29.01.2015
Dishonesty and opportunism
The comrades are gearing up for a major electoral intervention. But on what basis? Peter Manson attended Tusc’s pre-election conference
Just short of 300 comrades attended the January 24 conference of the Trade Unionist and Socialist Coalition. Well over half were members of the Socialist Party in England and Wales, Tusc’s prime initiator, but, unlike previous such gatherings, the Socialist Workers Party had rather more than a token presence. In addition there were a good number of individuals, plus supporters of the Independent Socialist Network.
However, the fourth organisation with an automatic presence on Tusc’s steering committee, the Rail, Maritime and Transport union, was - disappointingly for the organisers - largely notable for its absence. In fact the only RMT speaker to feature on the platform (or from the floor, as far as I know) was actually a member of SPEW, although neither he nor the chair, Dave Nellist, thought it necessary to mention this fact. John Reid - “just elected to the London region” of the union - said that the RMT, which stood “for the end of capitalist exploitation and for a socialist society”, had agreed to donate £10,000 to finance the electoral contests of Tusc candidates.

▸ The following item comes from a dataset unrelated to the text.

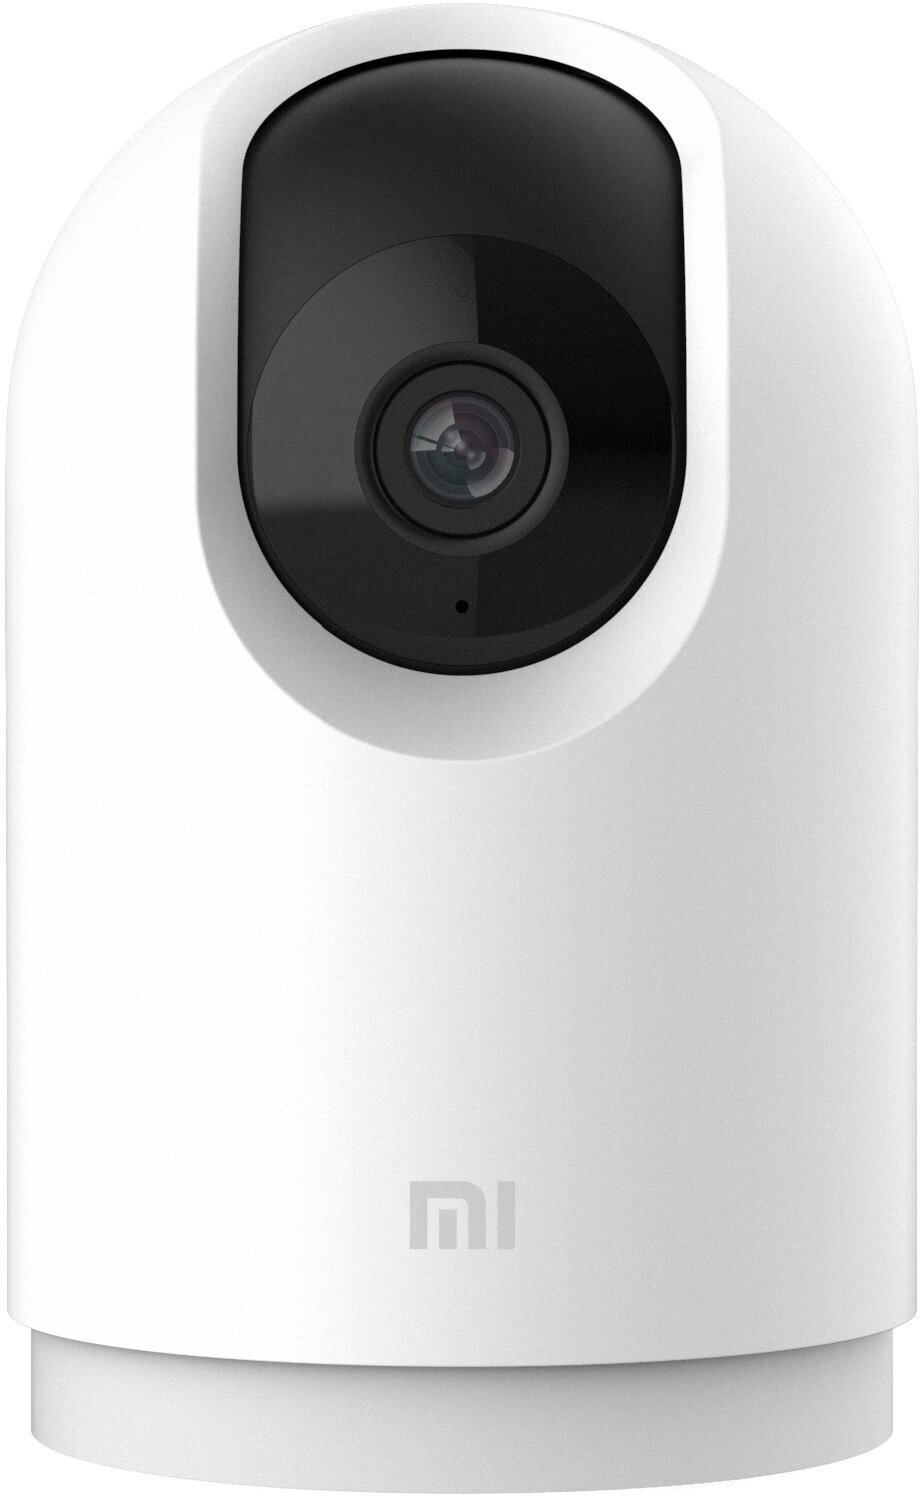 Видеокамера для видеонаблюдения MI 360° Home Security Camera 2K Pro - WiFi IP камера (BHR4193GL)

But the virtual absence of the RMT - whose support had previously been used to demonstrate Tusc’s claim to represent a new “mass workers’ party” in embryonic form (a Labour Party mark II, in other words) - was not permitted to encroach on the overriding optimism of the occasion. As comrade Nellist pointed out at the start, the meeting was all about launching the “largest left-of-Labour electoral challenge for 50 years”.
He categorically stated that Tusc “will be standing 100 general election candidates” on May 7, although the target of 1,000 candidates in the local elections in England, to be held on the same day, was clearly not such a foregone conclusion. Nevertheless, comrade Nellist declared that Tusc would be “the sixth largest party standing” - but he added ironically that he had not yet been contacted regarding its participation in the forthcoming TV election debates. Needless to say, what he was referring to was the number of candidates Tusc wants to field, not proven electoral support.
Later, national election agent Clive Heemskerk confirmed that 52 general election candidates had so far been approved and he was “confident” that that there would be “well over 100”, which would represent a “historic achievement”. As if paper candidates equal as real movement of history. Unfortunately they do not.
On council candidates, he was rather less confident of reaching the 1,000 target - so far he had received an “indication” of about 600. He urged those listening: “Any trade unionist, any campaigner, any socialist can stand”, provided they accept the Tusc platform. This was not, of course, “a fully rounded socialist platform” - after all, “we had to compromise”. With whom he did not say.
No big guns
The first of the three sessions - entitled ‘Fighting endless austerity: how can the crisis of working class political representation be resolved?’ - was strange in a number of ways. The original idea must have been to start the day with some union big guns, but none of the four platform speakers were exactly household names. Admittedly Joe Simpson is assistant general secretary of the Prison Officers Association and, unlike comrade Reid, he did say he was a SPEW member - joining was “the best thing I have done in my working life”. Having done so, he “then came across Tusc”, he said. We should call Tusc “our party”, he went on: “Every trade unionist should be supporting it.”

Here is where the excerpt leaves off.